4. Logistic Classification

Classification

이전의 연속적인 값 예측을 다뤘던 Regression과는 달리 정해진 카테고리를 정하는 것
Binary Classification : 0 or 1로 분류

좌 : Classification, 우 : Regression

Logistic Hypothesis

기존의 가설 함수 $H(x) = Wx + b$는 0과 1 사이의 값만을 보장X
0 ~ 1 사이의 값만 가지도록 하는 함수가 필요

⇒ **Sigmoid function (logisitic function)**의 등장

$g(z) = \frac 1 {(1 + e^{-z})}$ $z = Wx$ $H(x) = g(z)$
- Decision Boundary : 분류를 위한 기준(Regression → Classification)
  - $g(z)$의 값이 0.5이상 ⇒ 1
  - $g(z)$의 값이 0.5 미만 ⇒ 0

$\therefore \ H(X) = \frac 1 {1 + e^{-W^T X}}$

Logistic Regression Cost Function

현재 가설함수 : $H(X) = \frac 1 {1 + e^{-W^T X}}$
기존의 비용 함수 : ****

$cost(W)=\frac { 1 }{ m } \sum _{i=1}^{m}{ { (Wx_i}-y_i{ } })^{ 2 }$
오른쪽과 같은 그래프 나오게 됨
Local Minimum 으로 인해 모델 성능 하락 ⇒ Global Minimum을 보장 못함
Convex Function X

새로운 Cost Function 필요

$cost(W) = \frac 1 m \sum c(H(x),\ y)$, $y$는 실제 값

$c(H(x), \ y) = \begin{cases}-log(H(x))\quad \quad \ \ \ (y = 1)\\ -log(1-H(x))\quad (y = 0) \end{cases}$

y = 1

y = -1

실제 $y = 1$ 일 때
- $H(x) = 1 \rightarrow cost(1) = 0$
- $H(x) = 0 \rightarrow cost(0) = \infin$
실제 $y = 0$ 일 때
- $H(x) = 0 \rightarrow cost(1) = 0$
- $H(x) = 1 \rightarrow cost(0) = \infin$

$\rightarrow c(H(x),\ y) = -ylog(H(x)) - (1-y)log(1-H(x))$

코드를 간소화하기 위해 1줄로

$y=1, c = -log(H(x))$

$y = 0, c=-1*log(1-H(x))$

$\therefore cost(W) = -\frac 1 m \sum ylog(H(x)) - (1-y)log(1-H(x))$

$W:=W - \alpha\frac{ \partial } {\partial W } cost(W)$

import numpy as np
import matplotlib.pyplot as plt
import tensorflow as tf

x_train = [[1., 2.], [2., 3.], [3., 1.], [4., 3.], [5., 3.], [6., 2.]]
y_train = [[0.], [0.], [0.], [1.], [1.], [1.]]

x_test = [[5., 2.]]
y_test = [[1.]]

x1 = [x[0] for x in x_train]
x2 = [x[1] for x in x_train]

colors = [int(y[0] % 3) for y in y_train]
plt.scatter(x1, x2, c = colors, marker='^')
plt.scatter(x_test[0][0], x_test[0][1], c='red')

plt.xlabel('x1')
plt.ylabel('x2')
plt.show()

#Tensorflow data API를 통해 학습시킬 값들을 담는다 (Batch Size는 한번에 학습시킬 Size로 정한다)
# features,labels는 실재 학습에 쓰일 Data (연산을 위해 Type를 맞춰준다)

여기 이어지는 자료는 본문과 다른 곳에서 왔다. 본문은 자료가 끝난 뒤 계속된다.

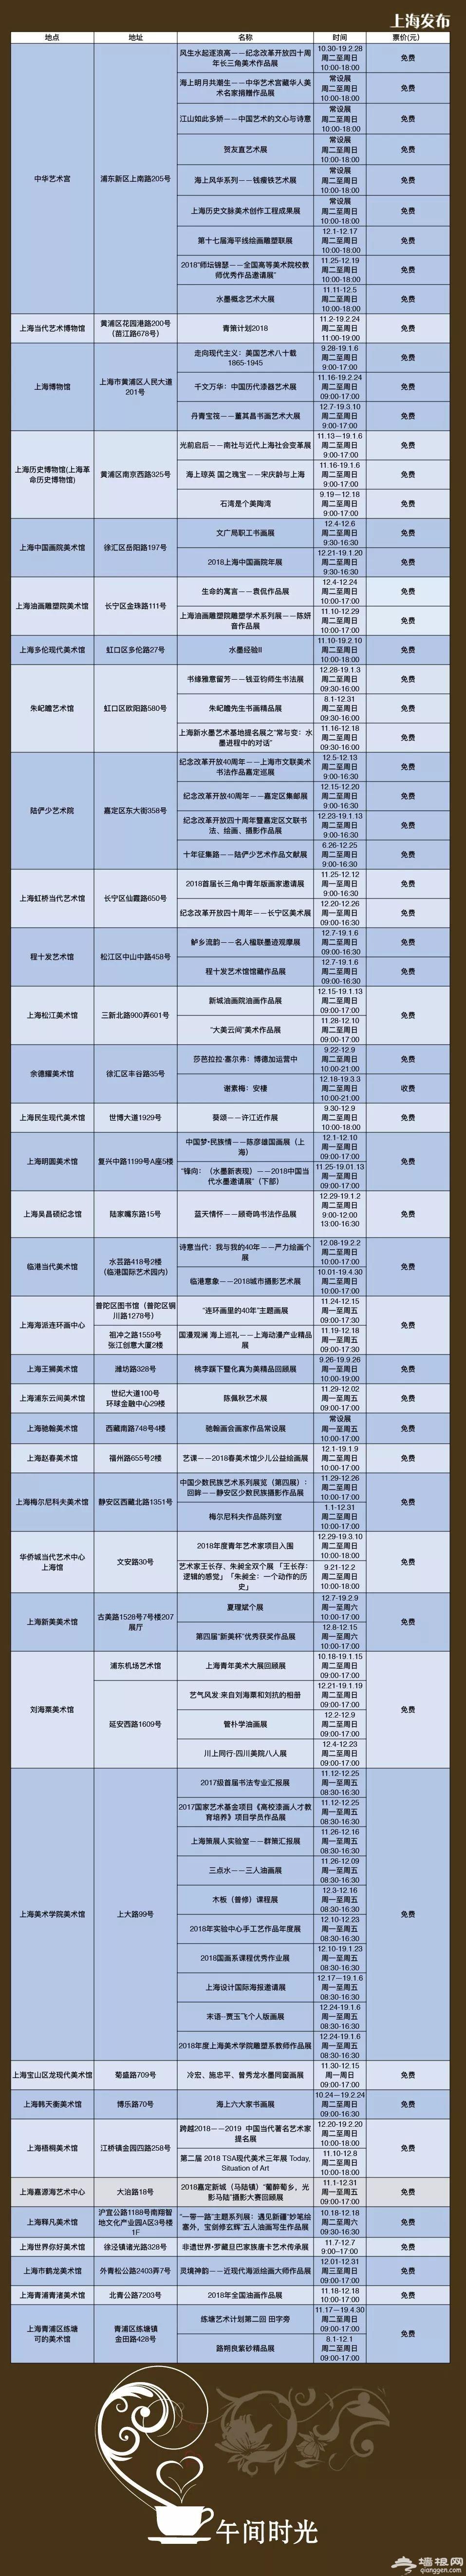 盘点2018年12月上海79个免费展览+部分收费展览[墙根网]

dataset = tf.data.Dataset.from_tensor_slices((x_train, y_train))  # [0, 0] [0] * 6

W = tf.Variable(tf.zeros([2, 1]), name = 'weight')  
b = tf.Variable(tf.zeros([1]), name = 'bias')
"""
X [0, 0] W 0   + b[0] = H(X)
           0
"""

def logistic_regression(features):
    hypothesis = tf.divide(1., 1. + tf.exp(-tf.matmul(features, W) + b)) 
    # 1 / 1 + e^x
    # x = H(X) = XW + b
    return hypothesis

def loss_fn(hypothesis, labels):
    cost = -tf.reduce_mean(labels * tf.math.log(hypothesis) + (1 - labels) * tf.math.log(1 - hypothesis))
    # cost(h(x), y) = -ylog(h(x)) - (1 - y)log(1 - h(x))
    return cost

# Gradient Descent
optimizer = tf.keras.optimizers.SGD(learning_rate = 0.01)

def accuracy_fn(hypothesis, labels):
    predicted = tf.cast(hypothesis > 0.5, dtype = tf.float32)
    accuracy = tf.reduce_mean(tf.cast(tf.equal(predicted, labels), dtype = tf.int32))
    # equl -> predicted, label 일치 비교
    # cast -> True => 1, False -> 0 return
    # reduce_mean -> 해당 값들 평균
    return accuracy

def grad(features, labels):
    with tf.GradientTape() as tape:  # 미분 값 기록
        hypothesis = logistic_regression(features)
        loss_value = loss_fn(hypothesis, labels)
    return tape.gradient(loss_value, [W, b])

EPOCHS = 1001

for step in range(EPOCHS):
    for features, labels in iter(dataset.batch(len(x_train))):  # x_train 의 길이만큼 dataset 가져오기
        hypothesis = logistic_regression(features) # 행마다의 가설 함수 값
        grads = grad(features, labels) # 미분 값
        optimizer.apply_gradients(grads_and_vars = zip(grads, [W, b])) # W, b 값 업데이트
        
        if step % 100 == 0:
            print("Iter: {}, Loss: {:.4f}".format(step, loss_fn(hypothesis, labels)))
            
test_acc = accuracy_fn(logistic_regression(x_test), y_test)
print("Test Result = {}".format(tf.cast(logistic_regression(x_test) > 0.5, dtype = tf.int32)))
print("Testset Accuracy : {:.4f}".format(test_acc))